[Opening COLLECTED MATERIAL section]

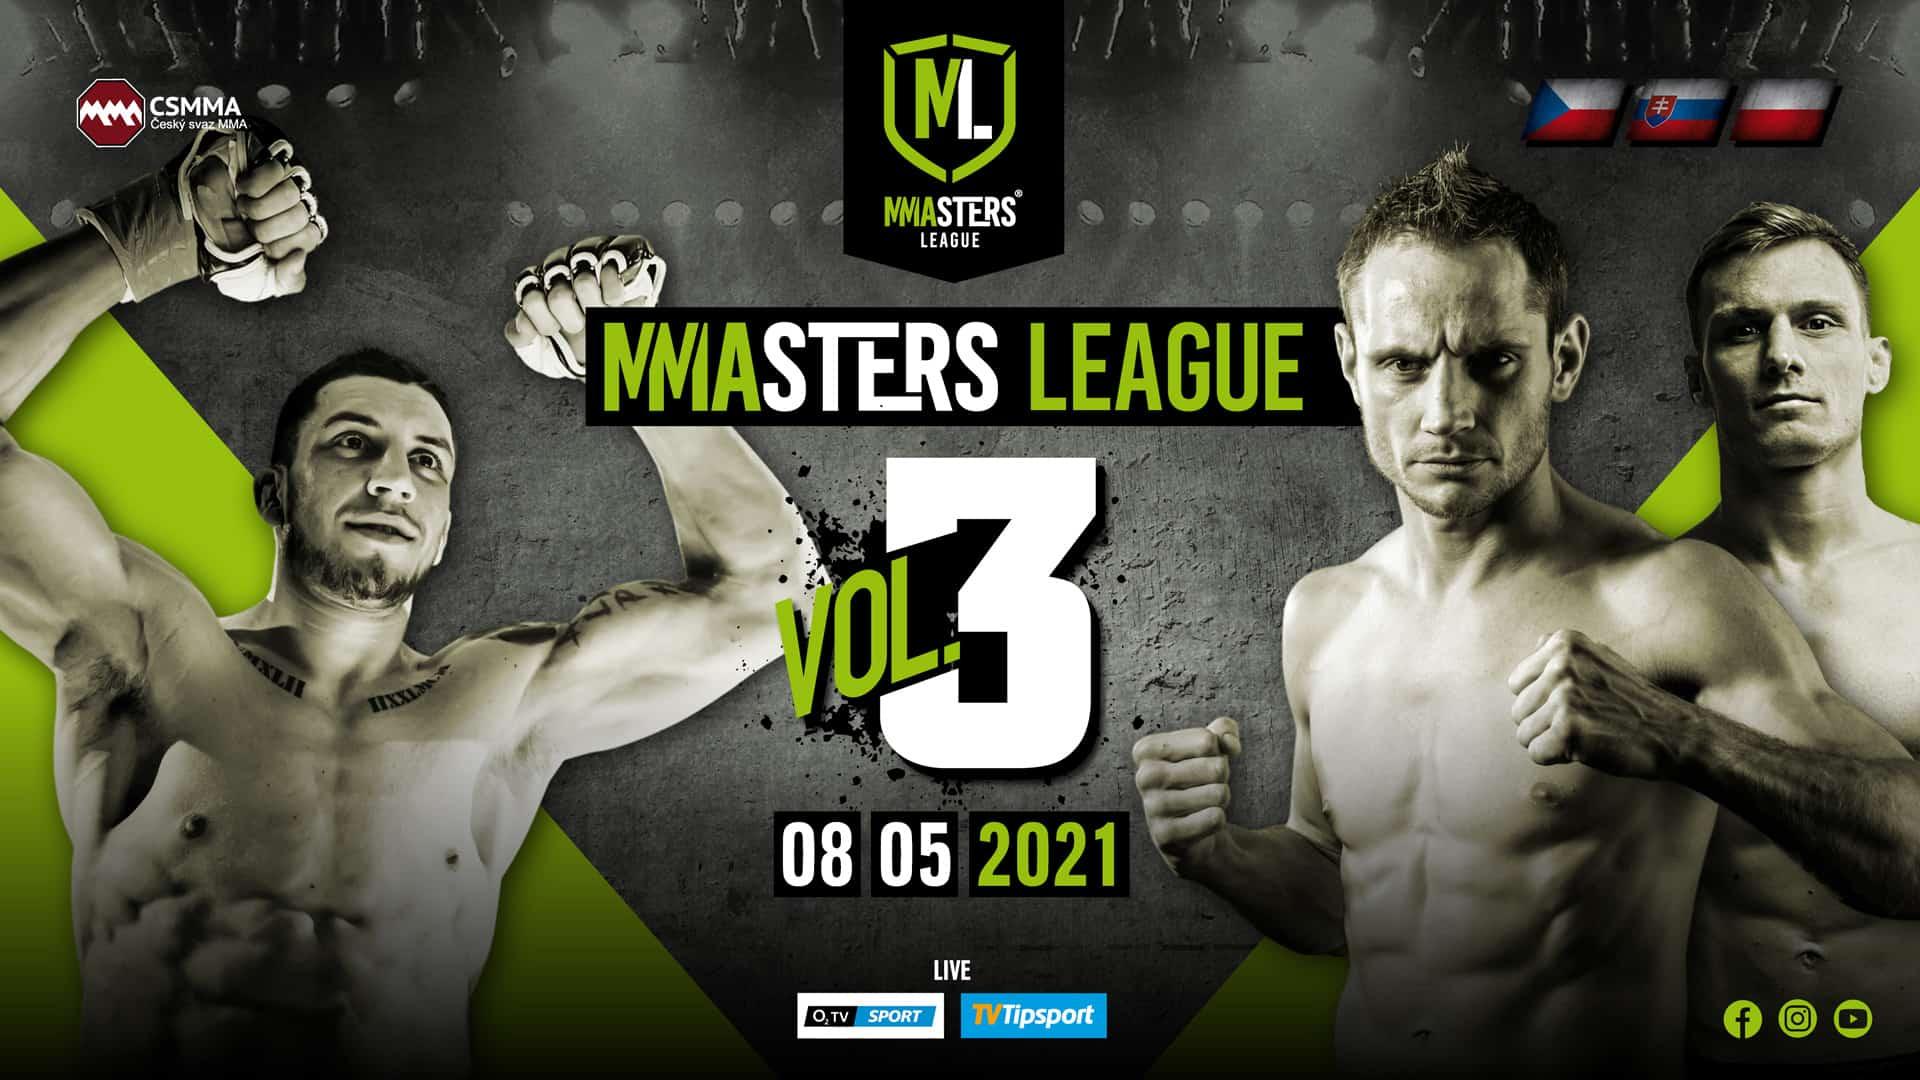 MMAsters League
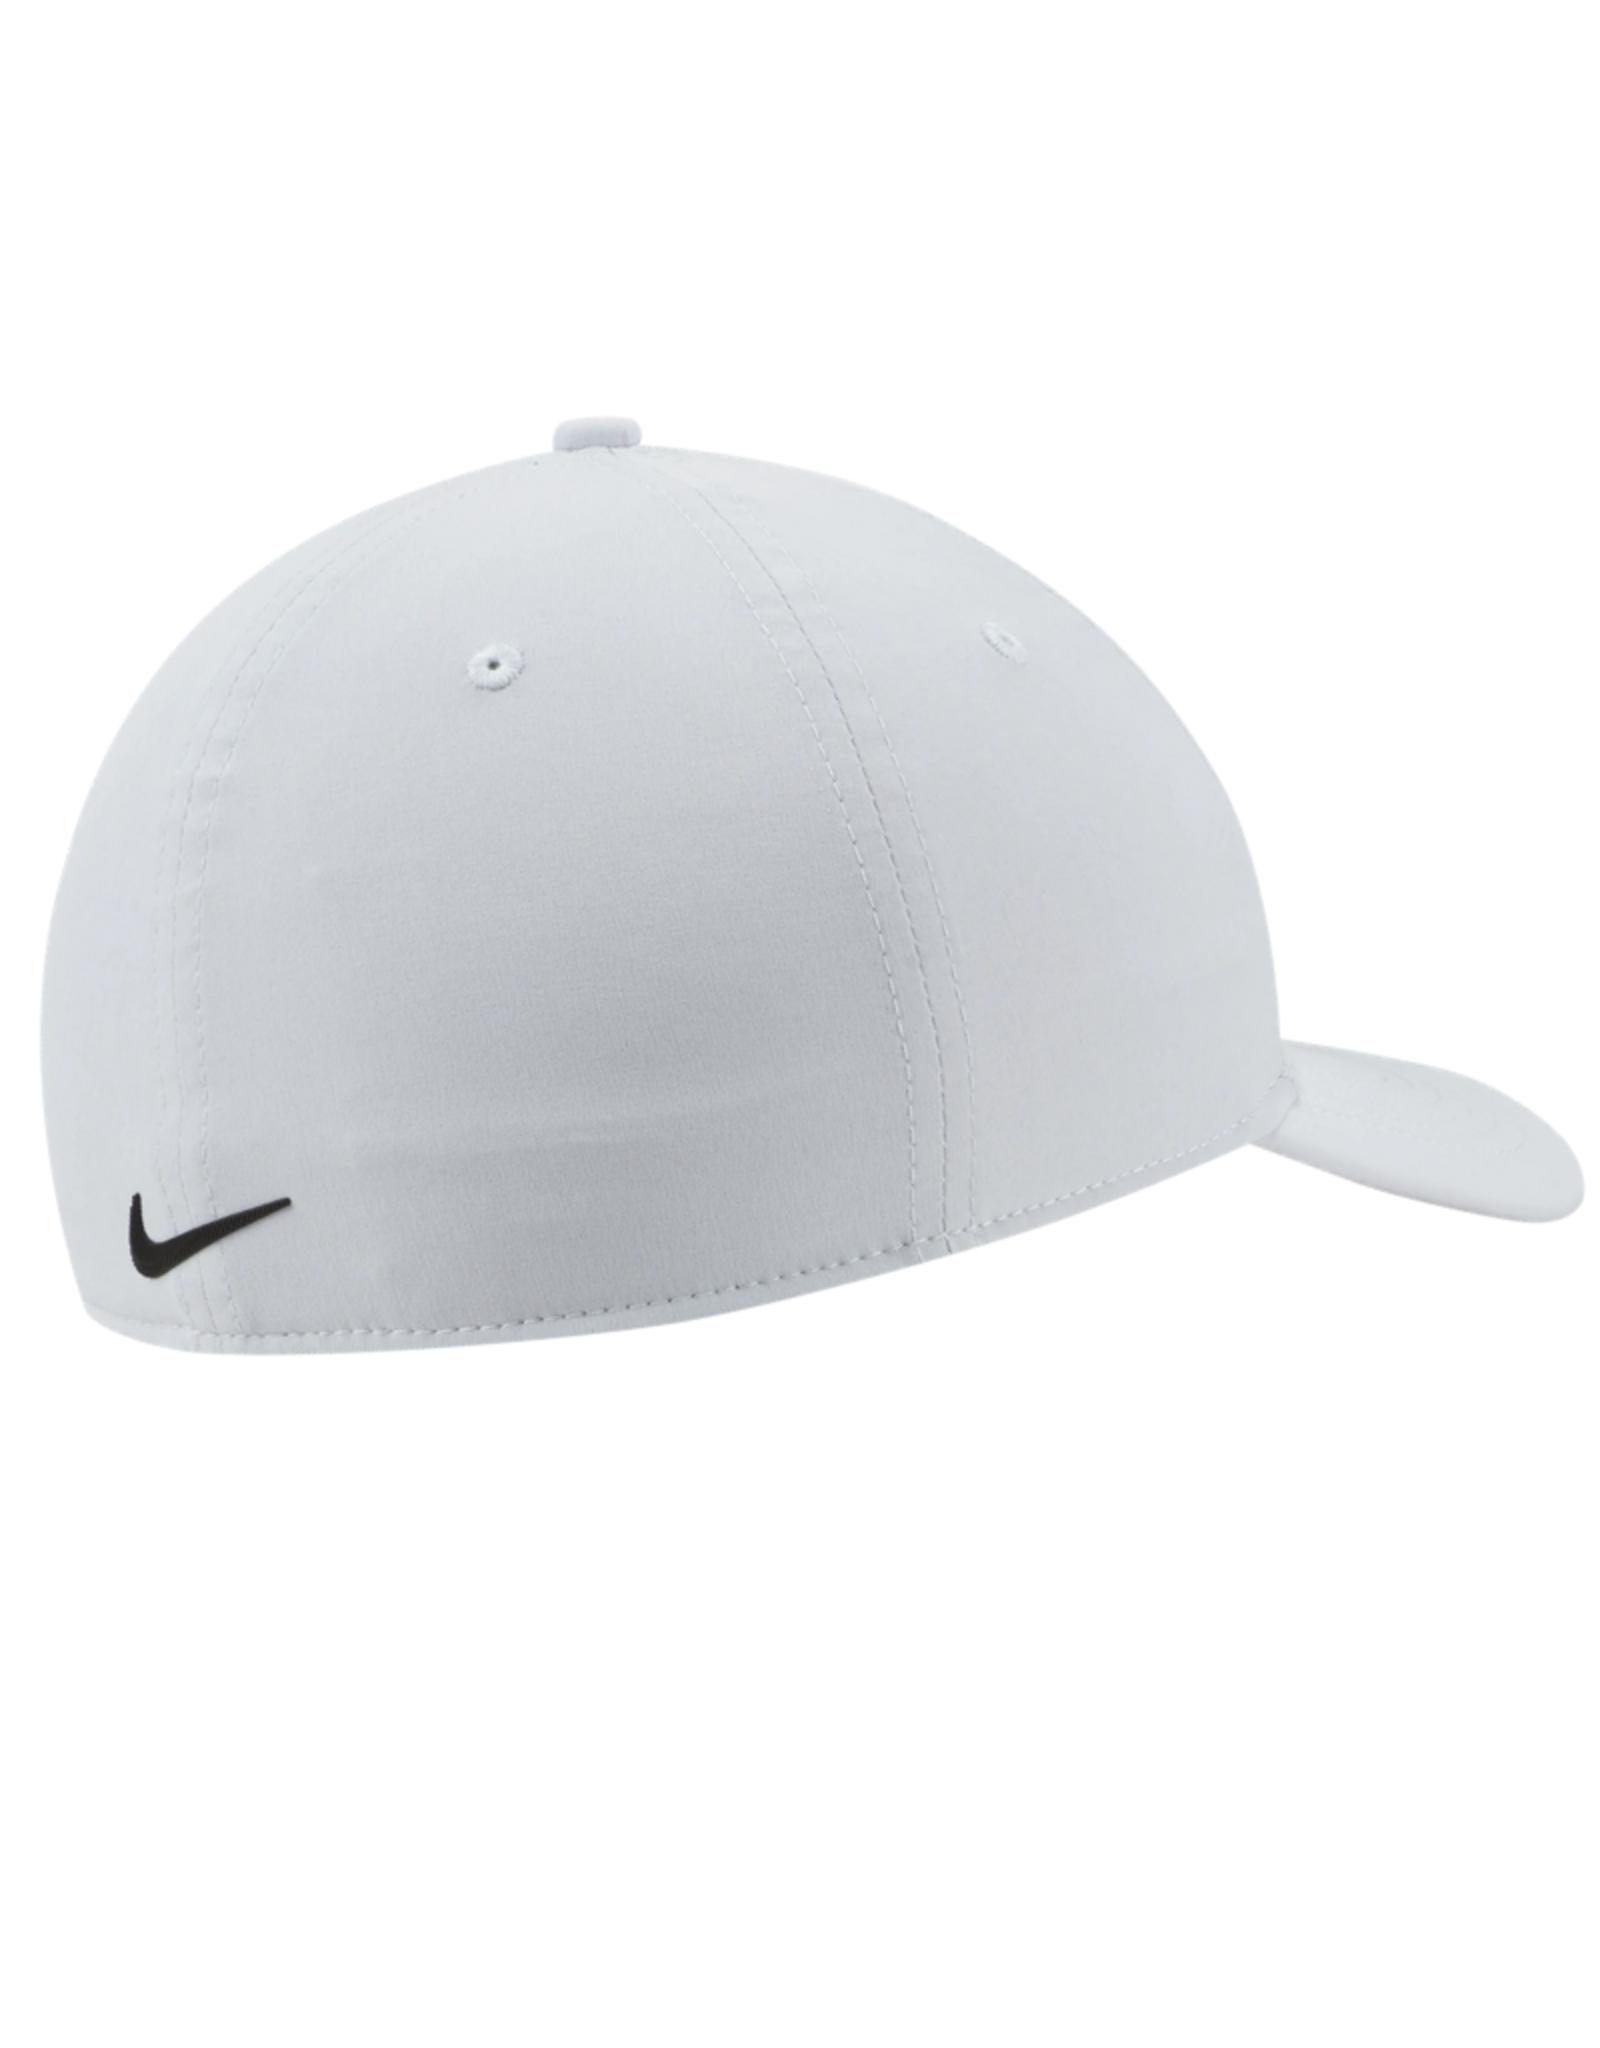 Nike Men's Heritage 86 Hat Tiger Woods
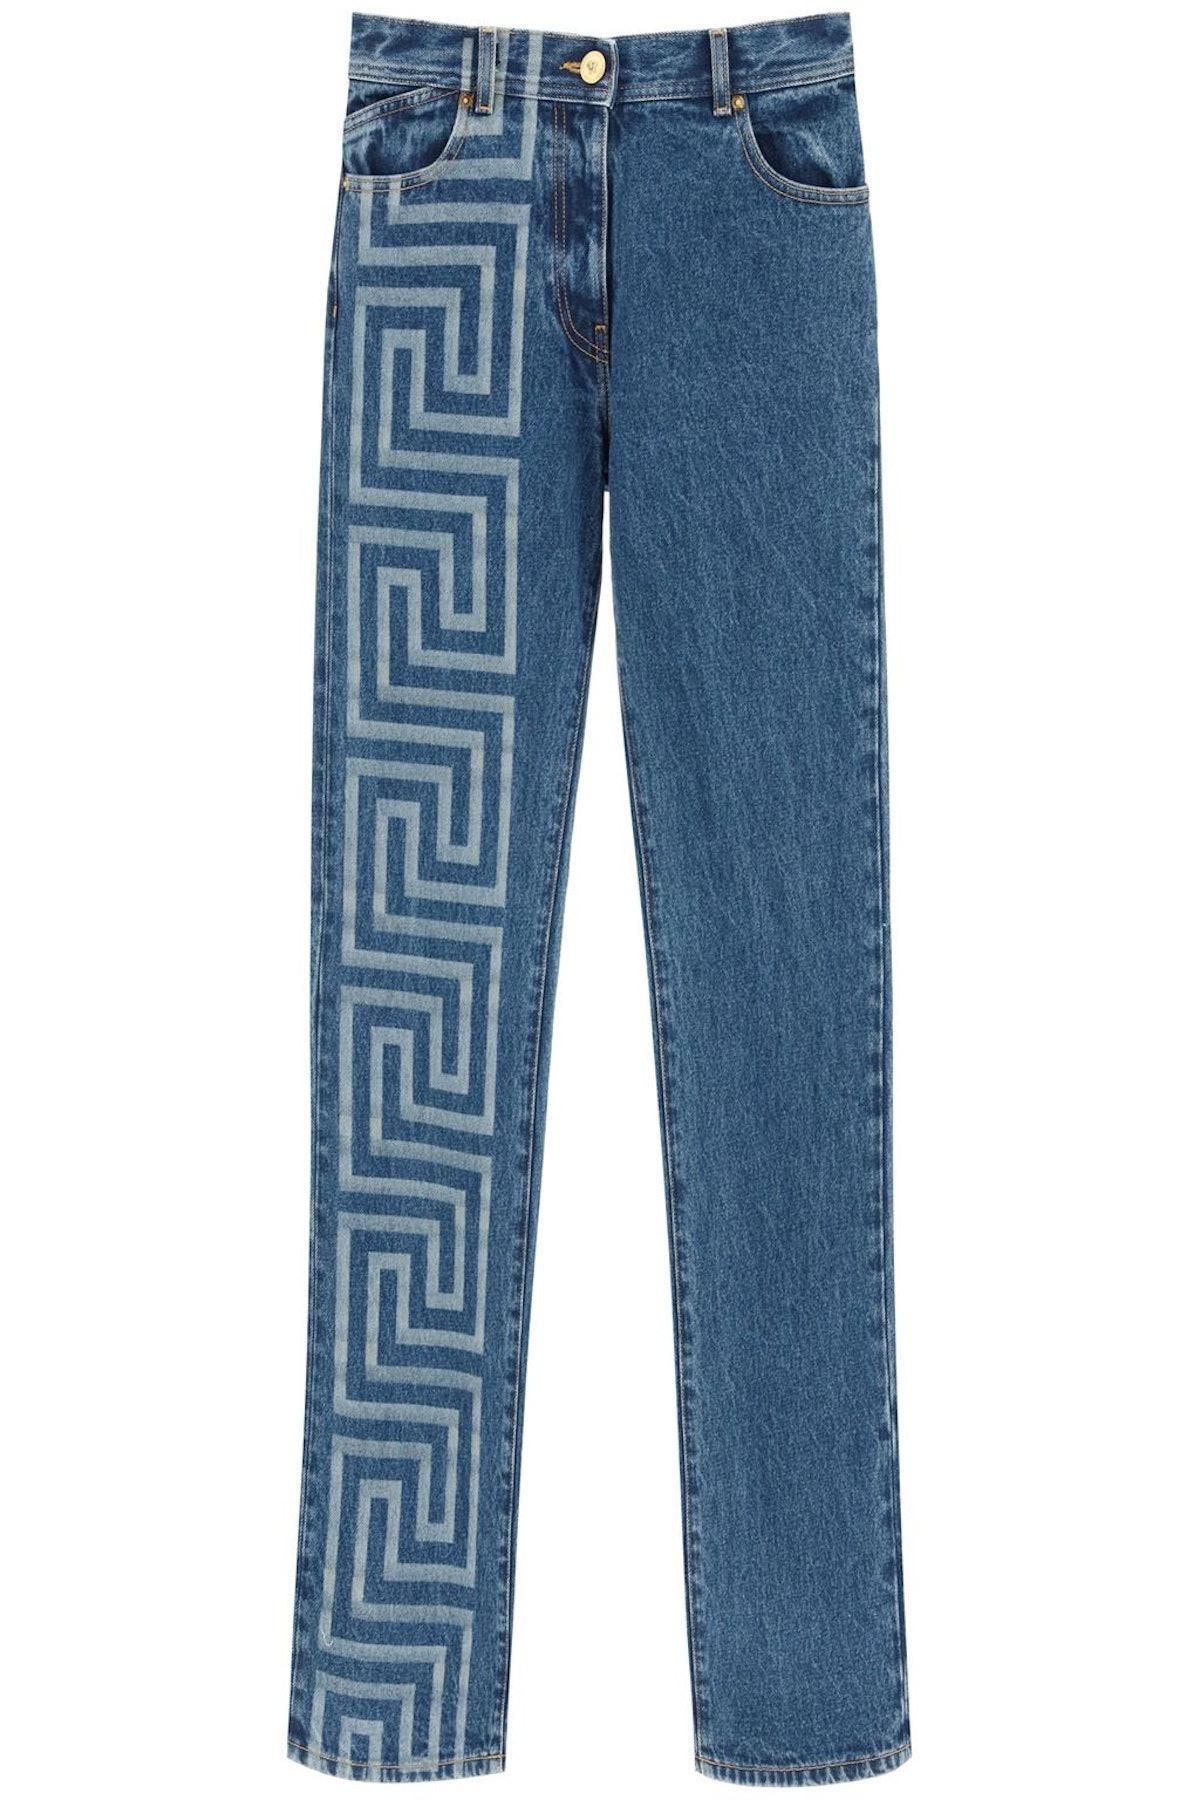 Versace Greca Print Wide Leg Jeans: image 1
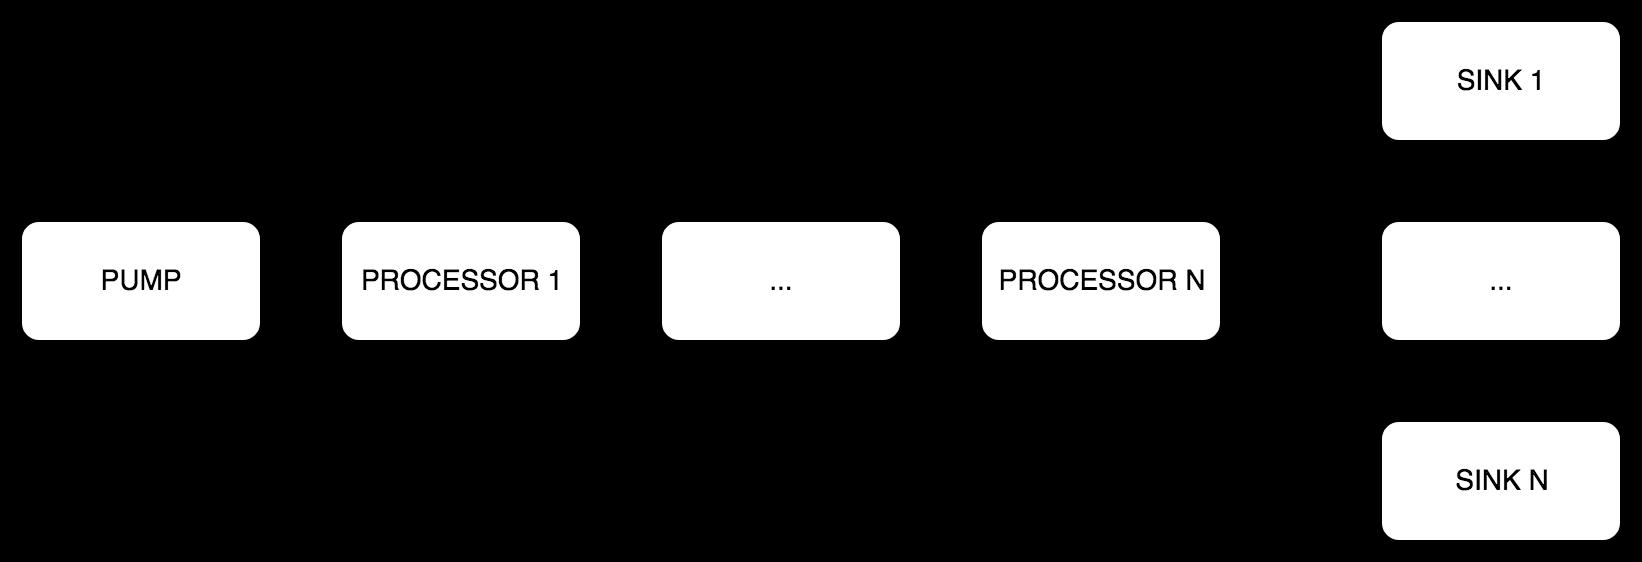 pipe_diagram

[Closing COLLECTED MATERIAL section]

WHAT IS REQUIRED.
Transcribe only the lines from the line holding "Versace Greca Print Wide Leg Jeans: image 1" to the final line of the listing above. Keep them exact, include both ends, and skip the pictures.

YOUR SOLUTION.
 Versace Greca Print Wide Leg Jeans: image 1
 pipe_diagram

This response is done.